» **Input data**:

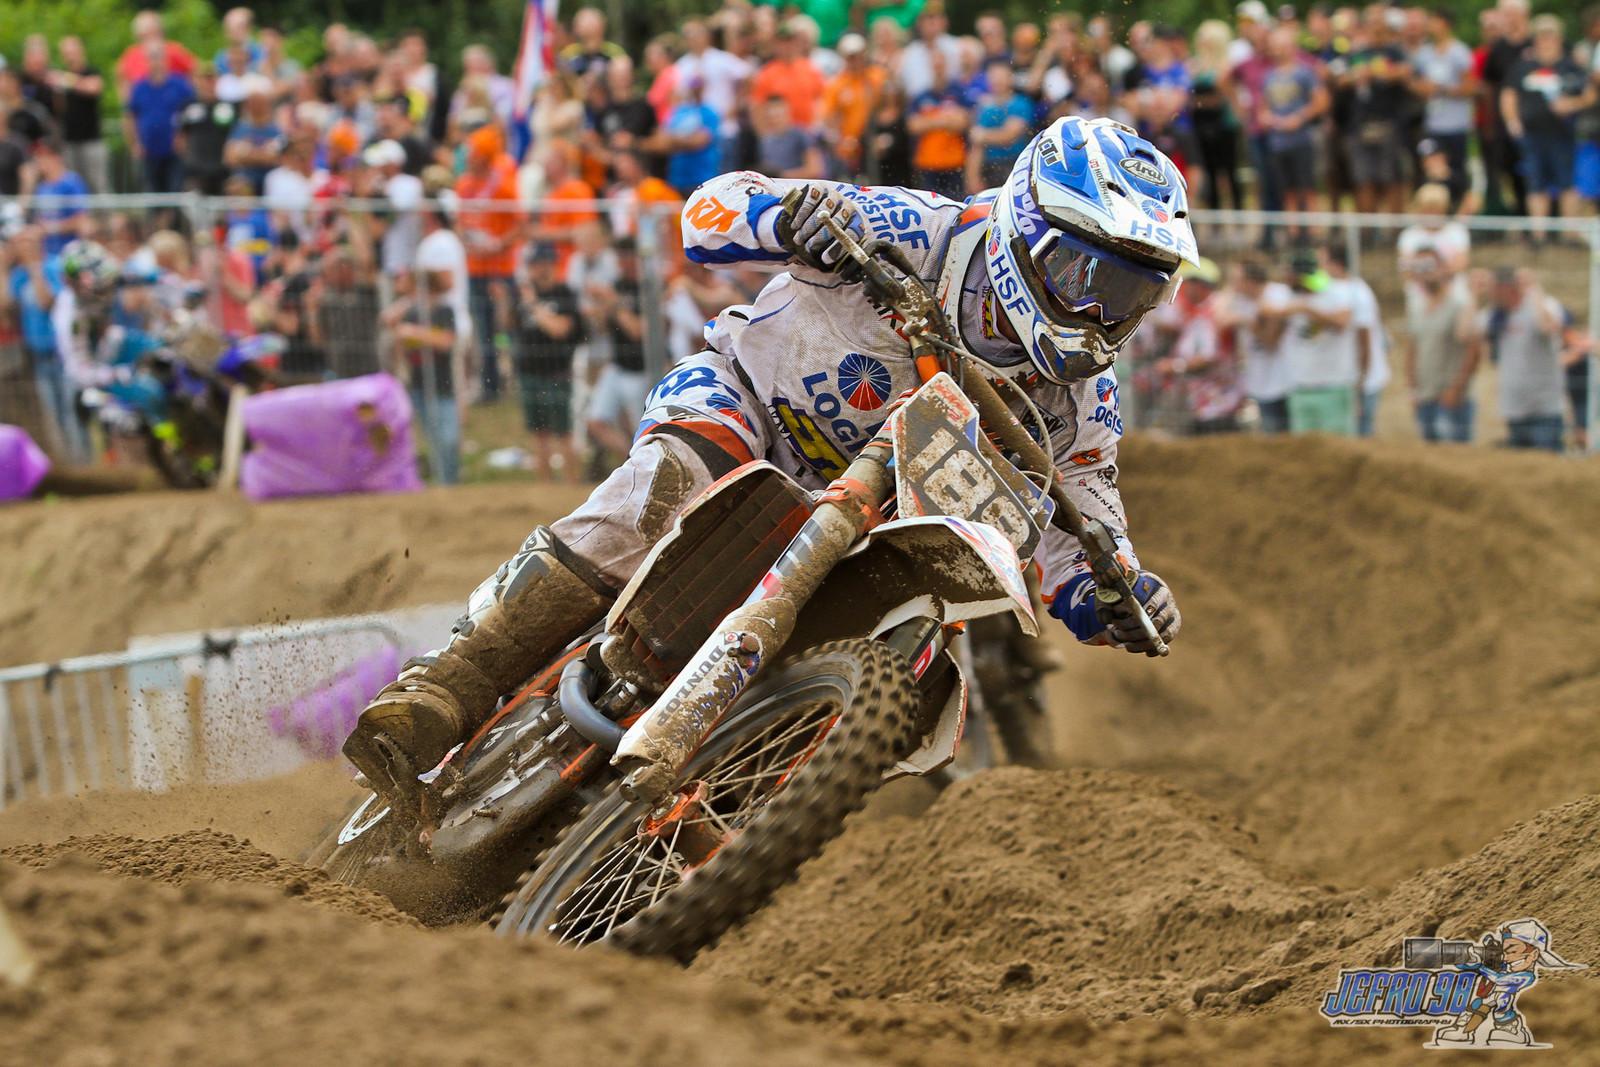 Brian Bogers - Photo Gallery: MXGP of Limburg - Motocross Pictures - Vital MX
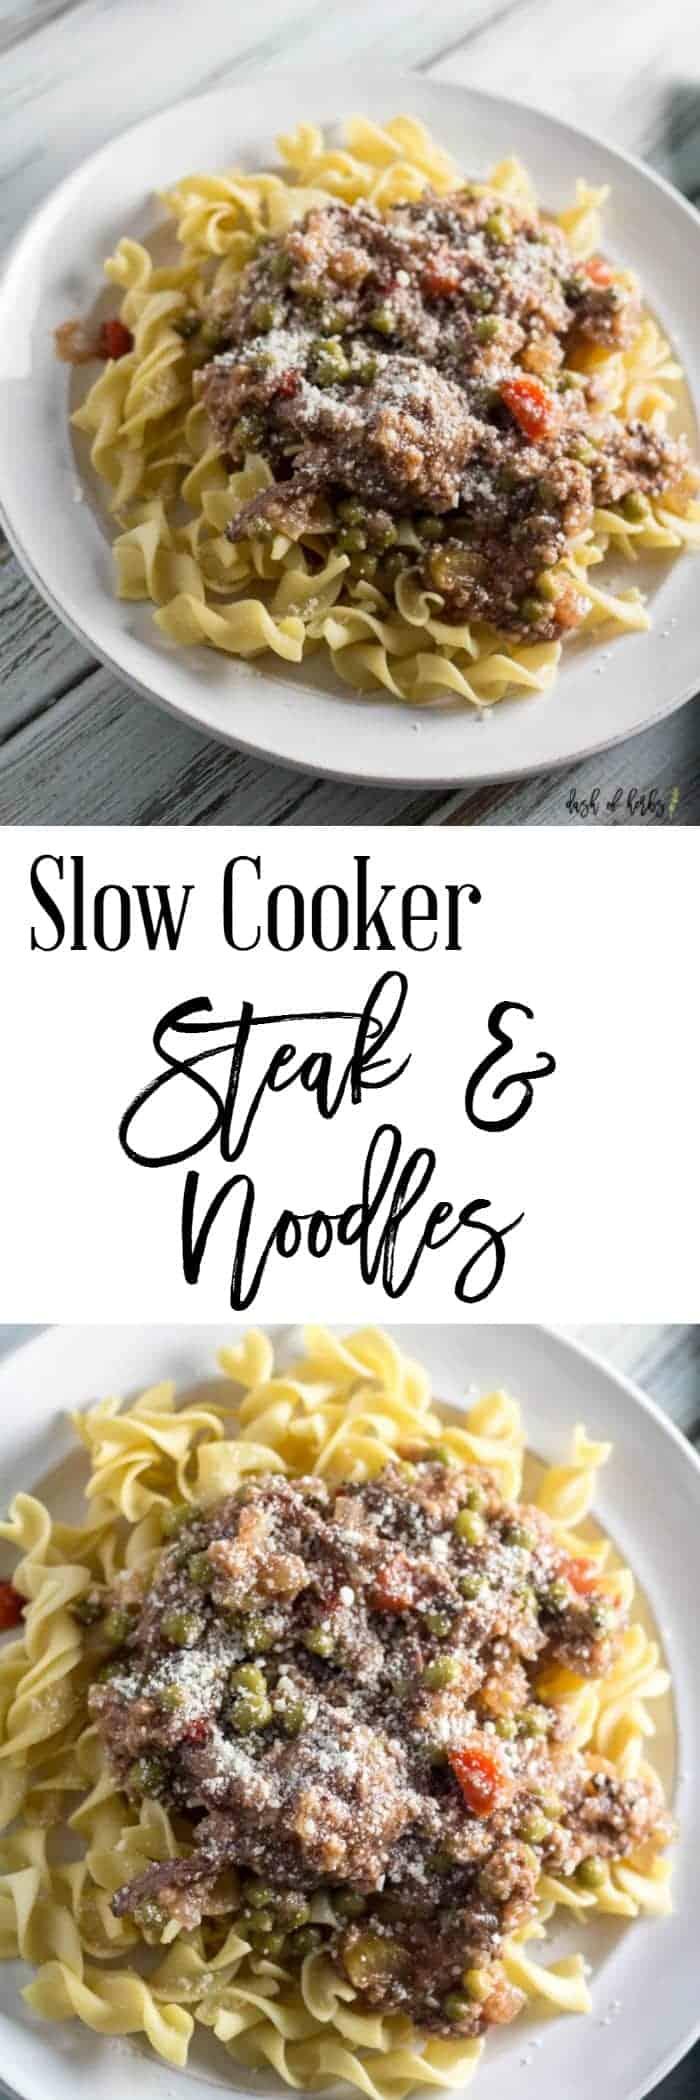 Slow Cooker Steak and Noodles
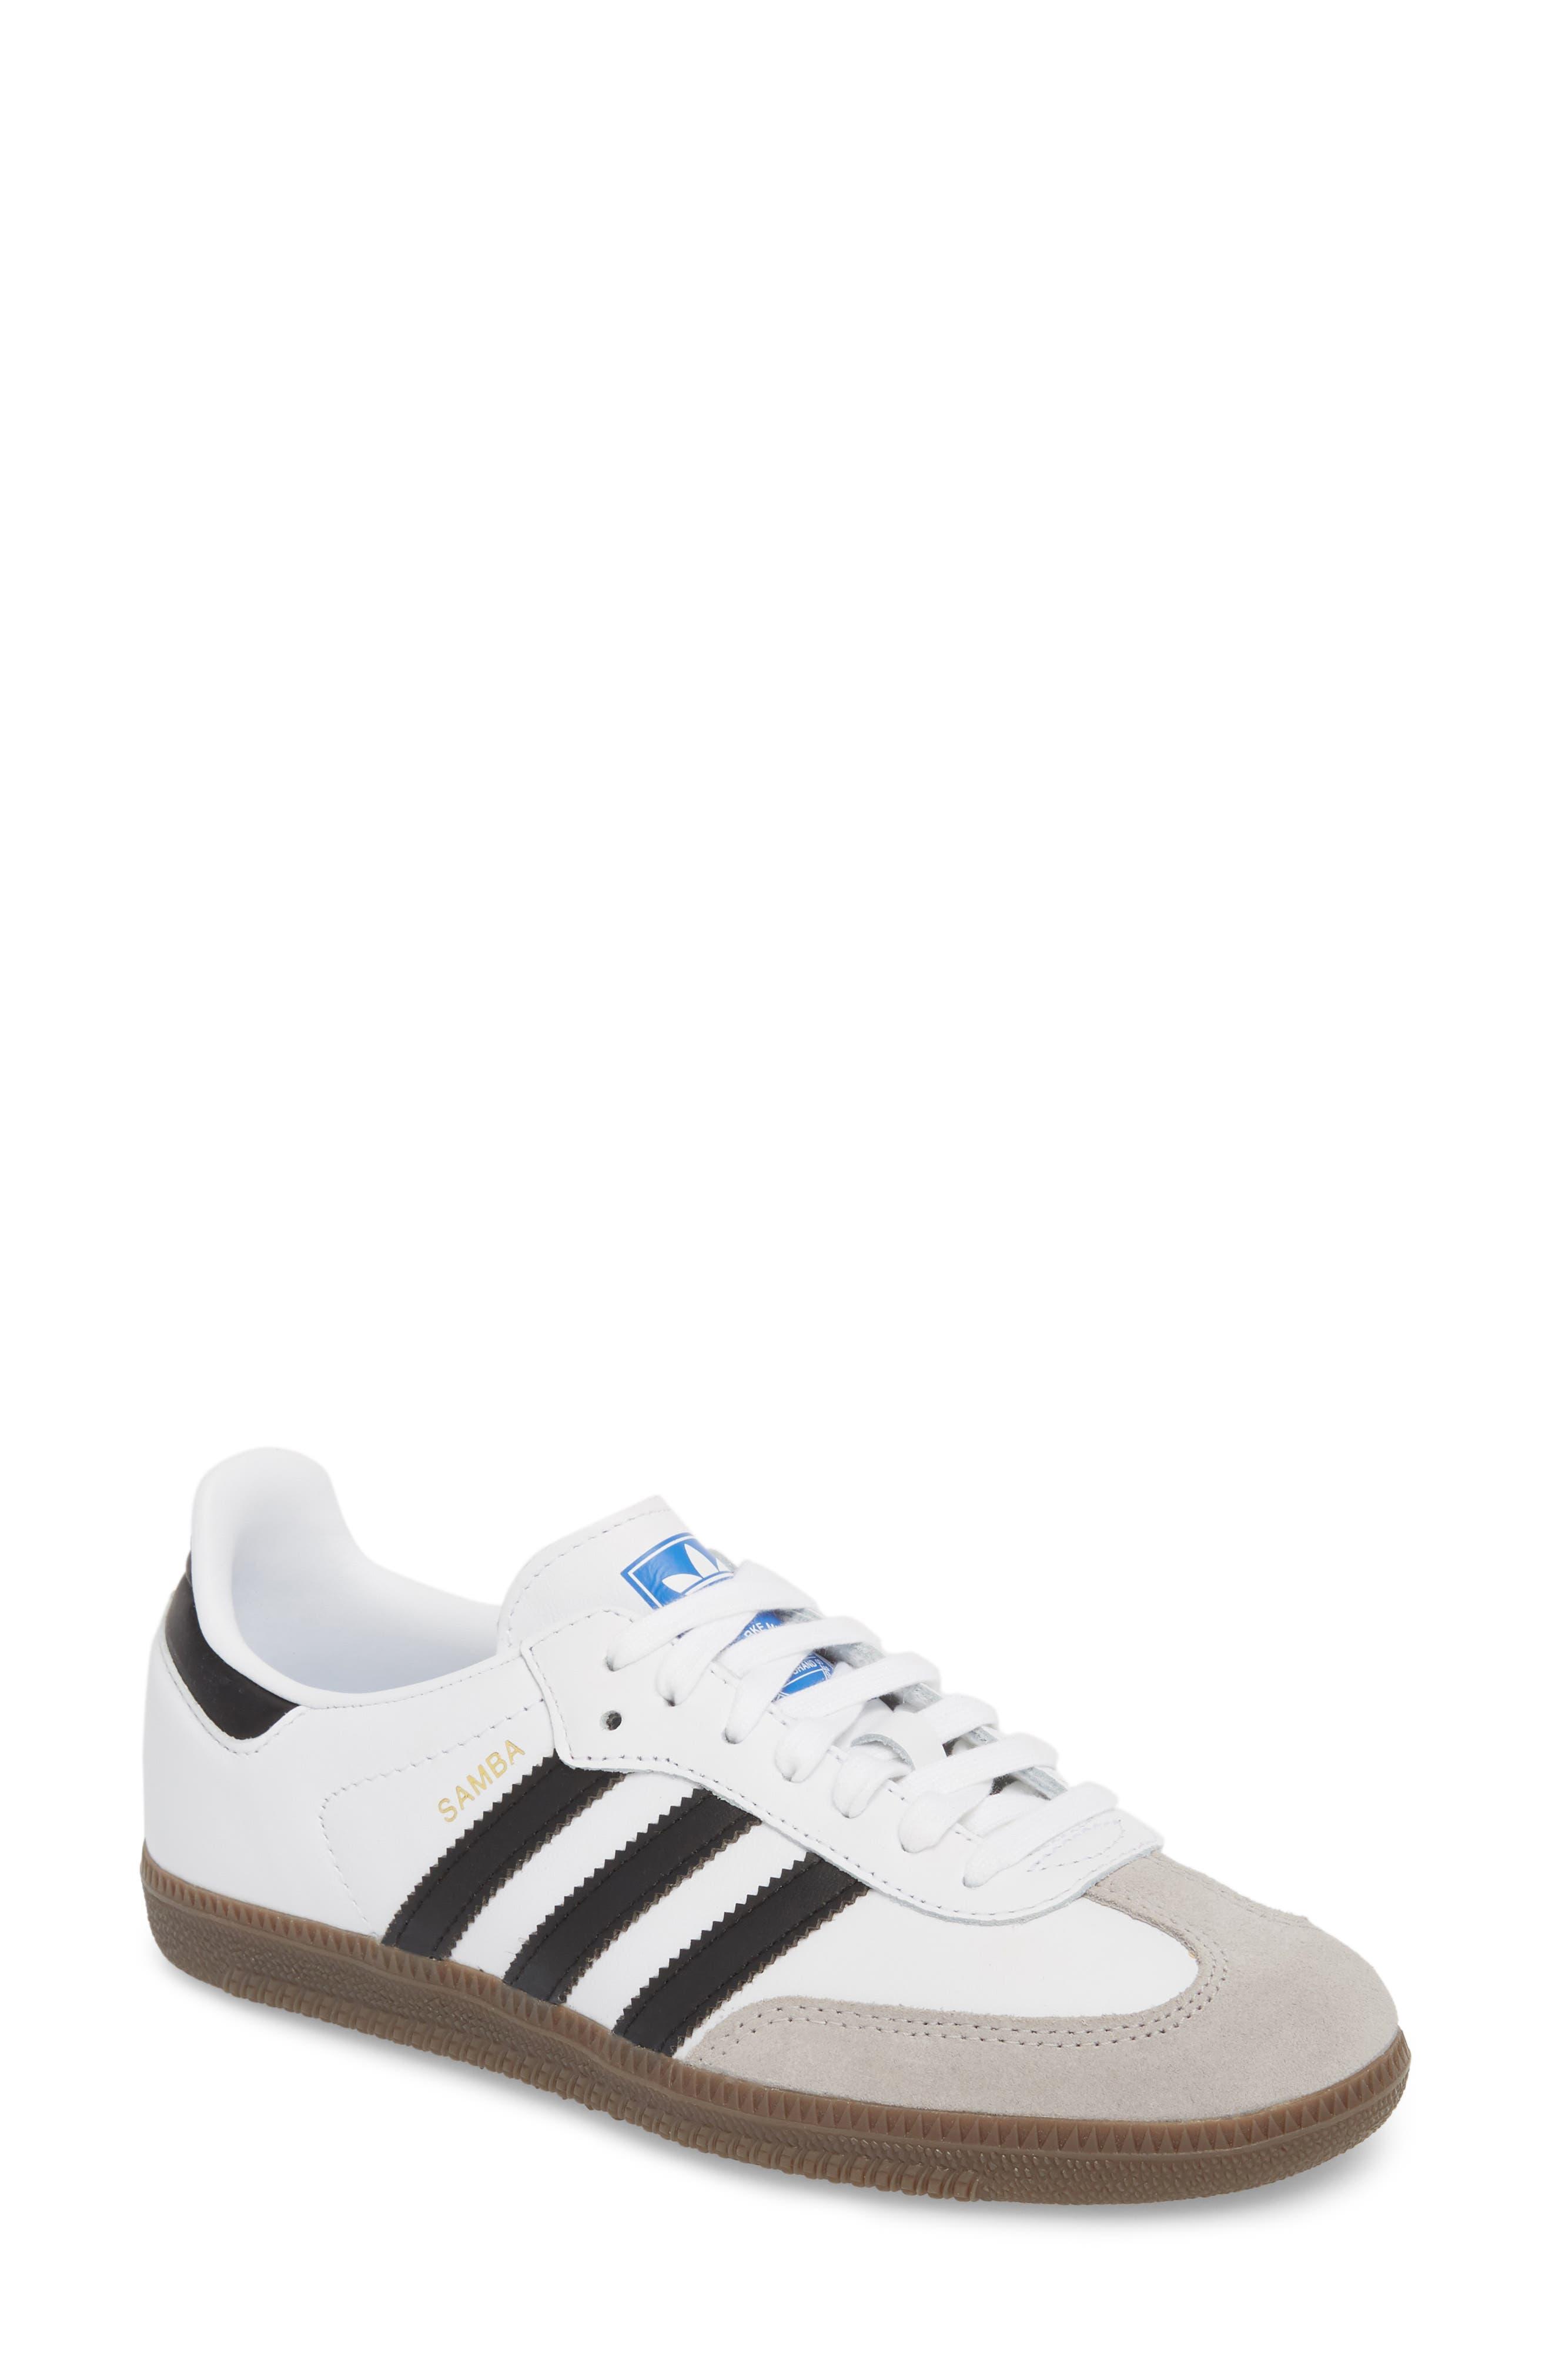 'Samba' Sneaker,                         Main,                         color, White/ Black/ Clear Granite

» **Task directions**: To complete the exercise, return the listing above exactly and omit its pictures.

» **Expected answer**:
 Brian Bogers - Photo Gallery: MXGP of Limburg - Motocross Pictures - Vital MX
 Slow Cooker Steak and Noodles
 'Samba' Sneaker,                         Main,                         color, White/ Black/ Clear Granite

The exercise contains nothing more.